* _Task instructions_
Your answer must be a word-for-word copy of the listing below, minus its pictures.

* _Supplied material_
======
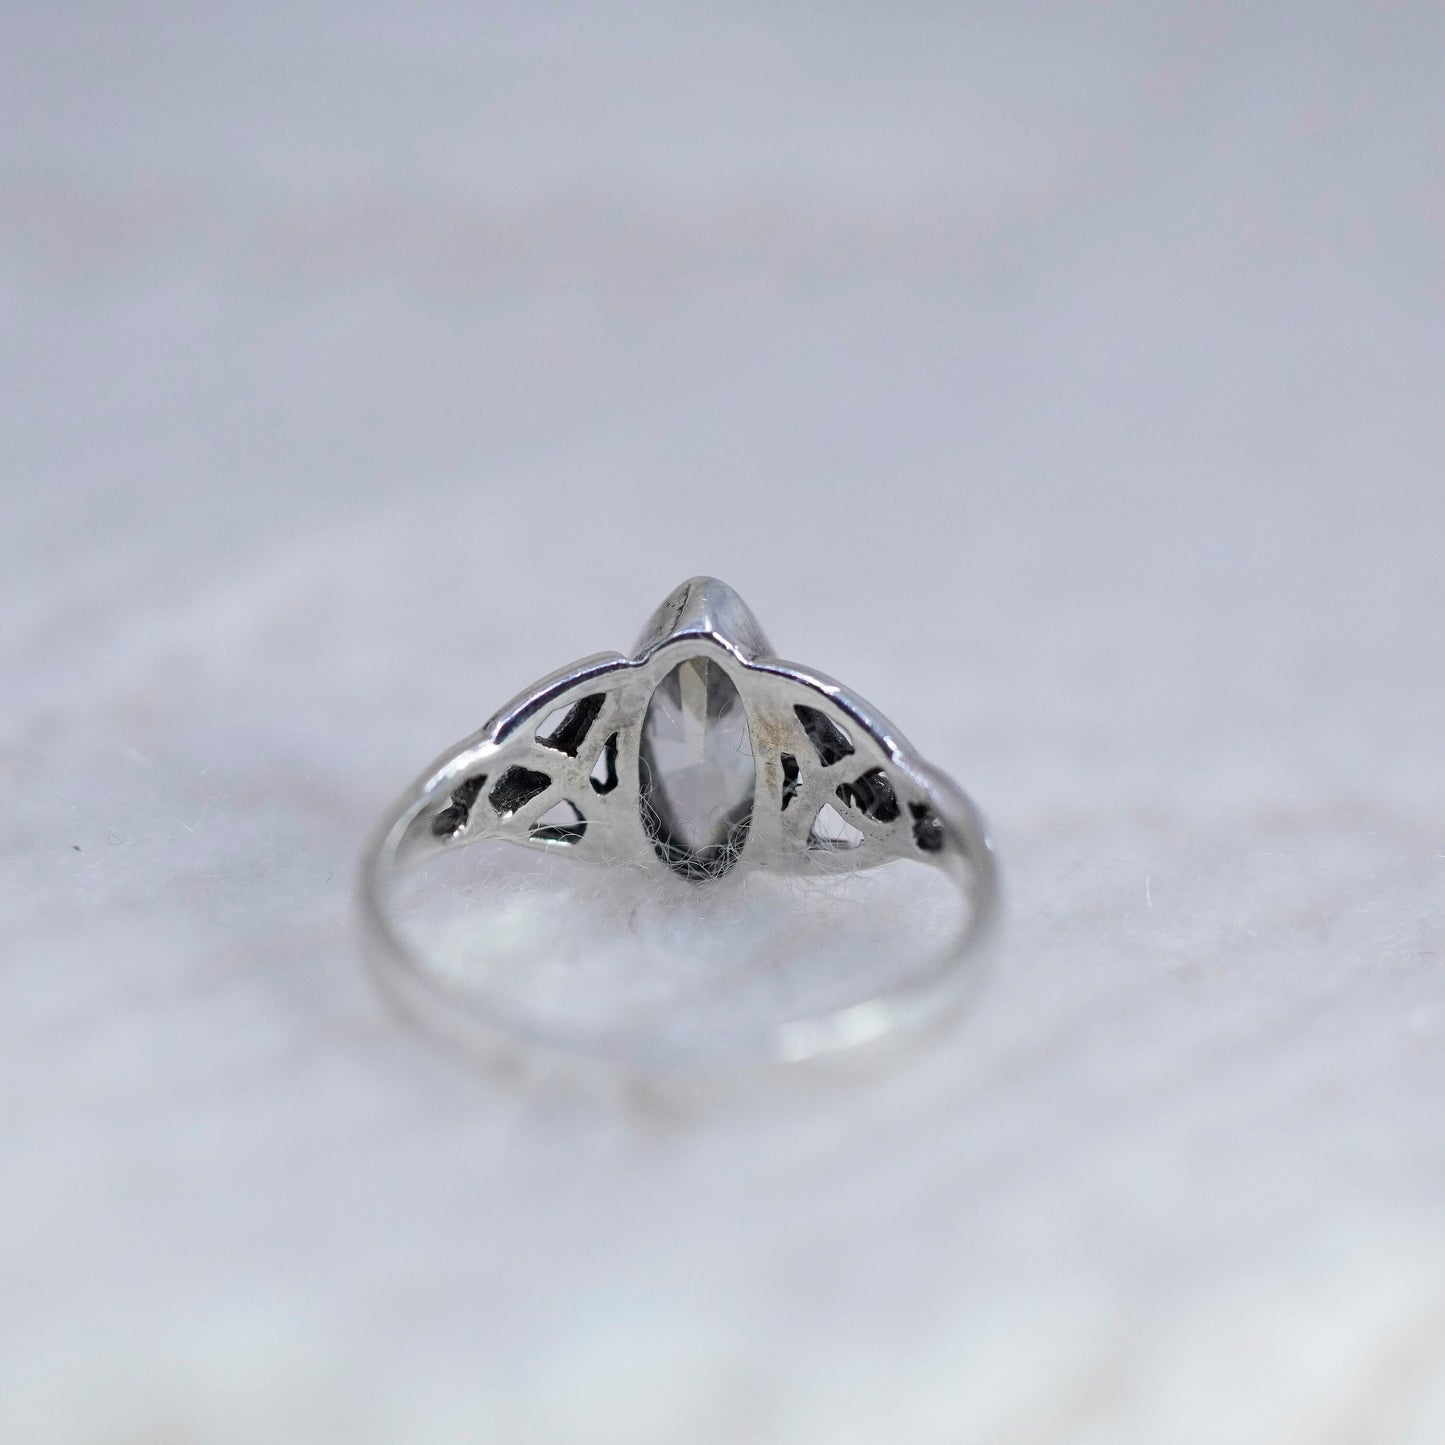 Size 5, Vintage sterling silver handmade ring, irish Celtic knot ring with cz
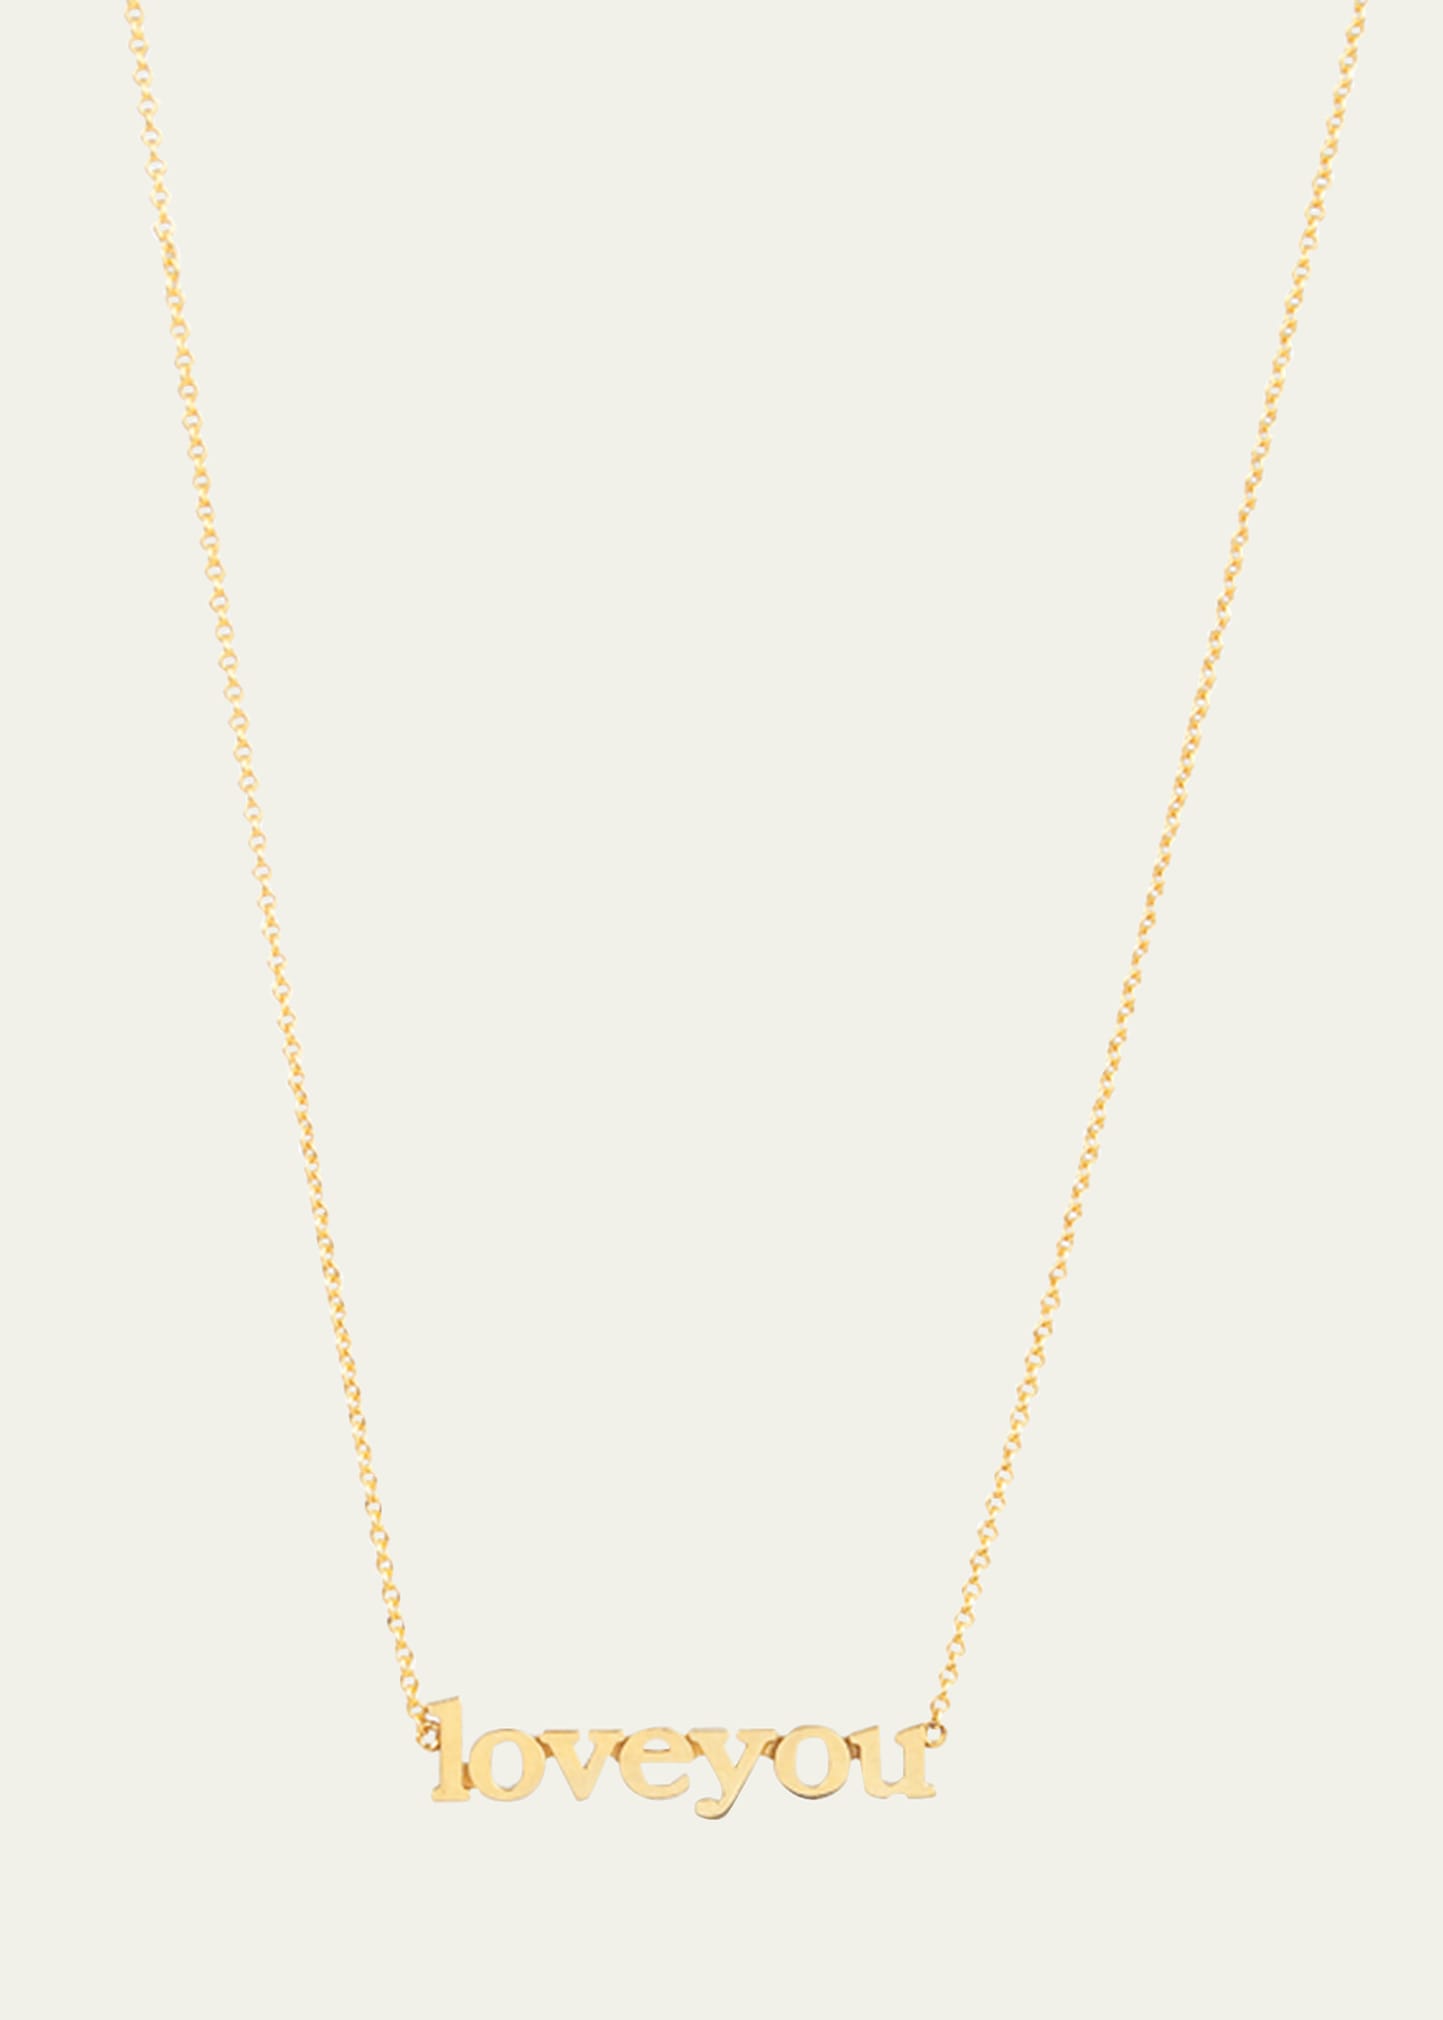 18k Love You Necklace
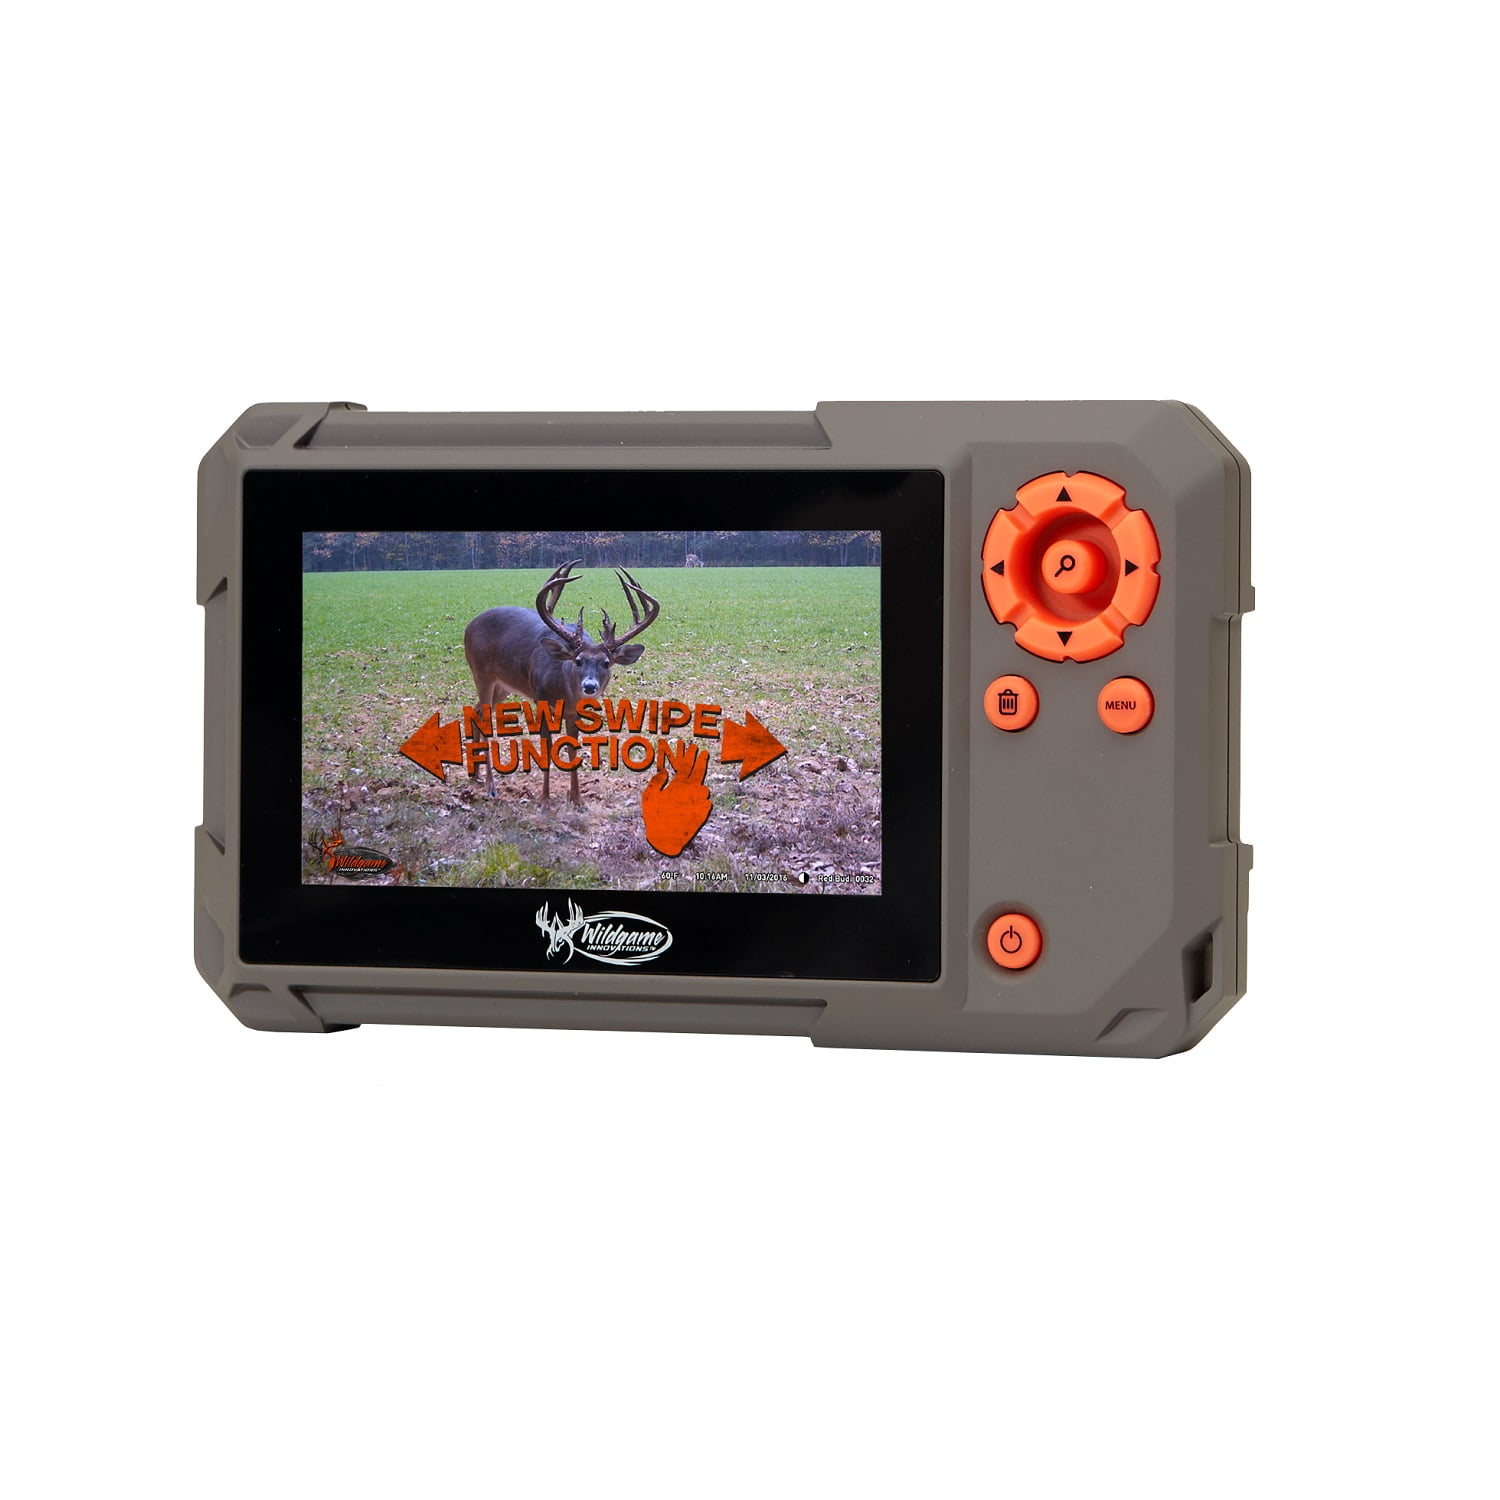 SD Card Reader for Android Smartphone Trail Camera Viewer Plays Deer Hunting G
======
* _Response_
 Size 5, Vintage sterling silver handmade ring, irish Celtic knot ring with cz
 18k Love You Necklace
 SD Card Reader for Android Smartphone Trail Camera Viewer Plays Deer Hunting G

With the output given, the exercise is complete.